Wednesday last week.

It was early, before school, and I needed
to ask the Principal a big favour.



Luckily, Henry and I are tight.

Don't call me Henry.

-I, I thought because we talk a lot--
-It’s still Mr. McGillick.

Mr. McGillick, you know I’m a
blue sky thinking, tech savvy guy.

You’re also in Grade Five
and have yoghurt on your chin.

What do you want, Ezra?

-Can I borrow the school credit card?
-Oh, uh, that’s a new one. Um, no.

But there’s a ProHost 4000 selling
online for seventy-five dollars...

-No.
-...it’s website building software.

-No.
-And if I’m re-doing the school website.

For the thousandth time,
you are not re-doing the school website.

He definitely had not said that
a thousand times. Nine hundred tops.

My Mum says I have a ‘very busy mind’,

and she’s had some chats with Mr McGillick
about how I need to keep it stimulated.



Mr McGillick said
I should find a special project,

but so far he hasn’t
liked any of my ideas.

You said no to the waterslides,
no to the monorail over the oval,

no to the invisible classroom.

Actually,
I’ve thought of a special project for you.

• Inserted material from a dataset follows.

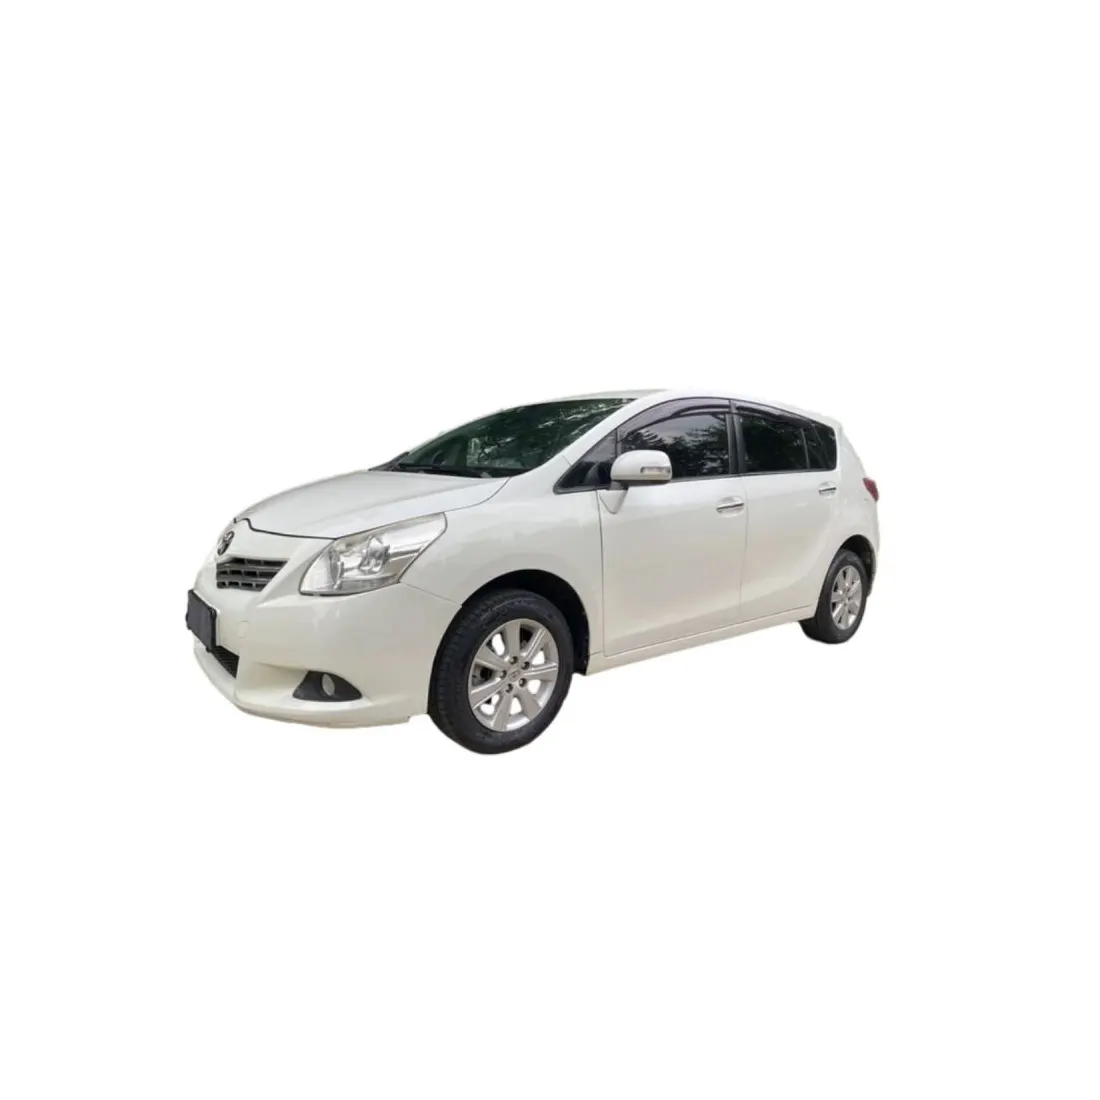 In Stock 5 days delivery best price 2011 toyota verso 180E CVT alto MPV use cars vehicles cheap second car

Is it to download software
that costs seventy-five dollars?

It’s to look after our new student.

Look after our new student? How is that
a special project? I told Henry no way.

It’s non-negotiable.

I've sent her off to explore,
I know she was keen to see your classroom.

This was the worst special project ever.
I went outside...

[Ezra] and I couldn’t see a new girl,

but I could see my friend Ava selling
cupcakes in the pebble garden.

Ava is always raising money
for things in the pebble garden.

Hi Ezra, want to buy a cupcake
to help build more bike racks?

Then more kids can ride
to school like this little guy!

Sure. Did you know we
have a new girl starting today?

I know! Her name is
Maudie Miller and she’s so nice.

-Which one is she?
-I don’t know, I haven’t met her yet.

Ava is what my Mum
calls a glass half full person,

and what I call a glass
flooding the kitchen person.

She hadn’t even met Maudie
and she already liked her.

I’m definitely saving her a cup cake,
for free.

I’m going to see if
she’s in the classroom,

so come over when you’ve... finished.

A soccer ball bouncing off my
head could only mean one thing.

-Kyle!
-You okay Ezra?

People don’t really know
why Kyle and I are friends.

I don’t really know why Kyle and I are
friends, because Kyle is super sporty.

And the only time he doesn’t have a ball
in his hands is when it’s on my head.

[upbeat rock music playing]

-[whispers] Kyle!
-Sorry Ezra!

-[shouts] Kyle!
-Sorry Ezra!

Sorry Ezra!

For someone with very good
ball skills out on the field,

Kyle has terrible ball skills around me.

Except this time it wasn’t Kyle.

That wasn’t me! That was Billy.

Kyle had been doing soccer practice
with other boys from our class,

and also Billy, from the other Grade Five.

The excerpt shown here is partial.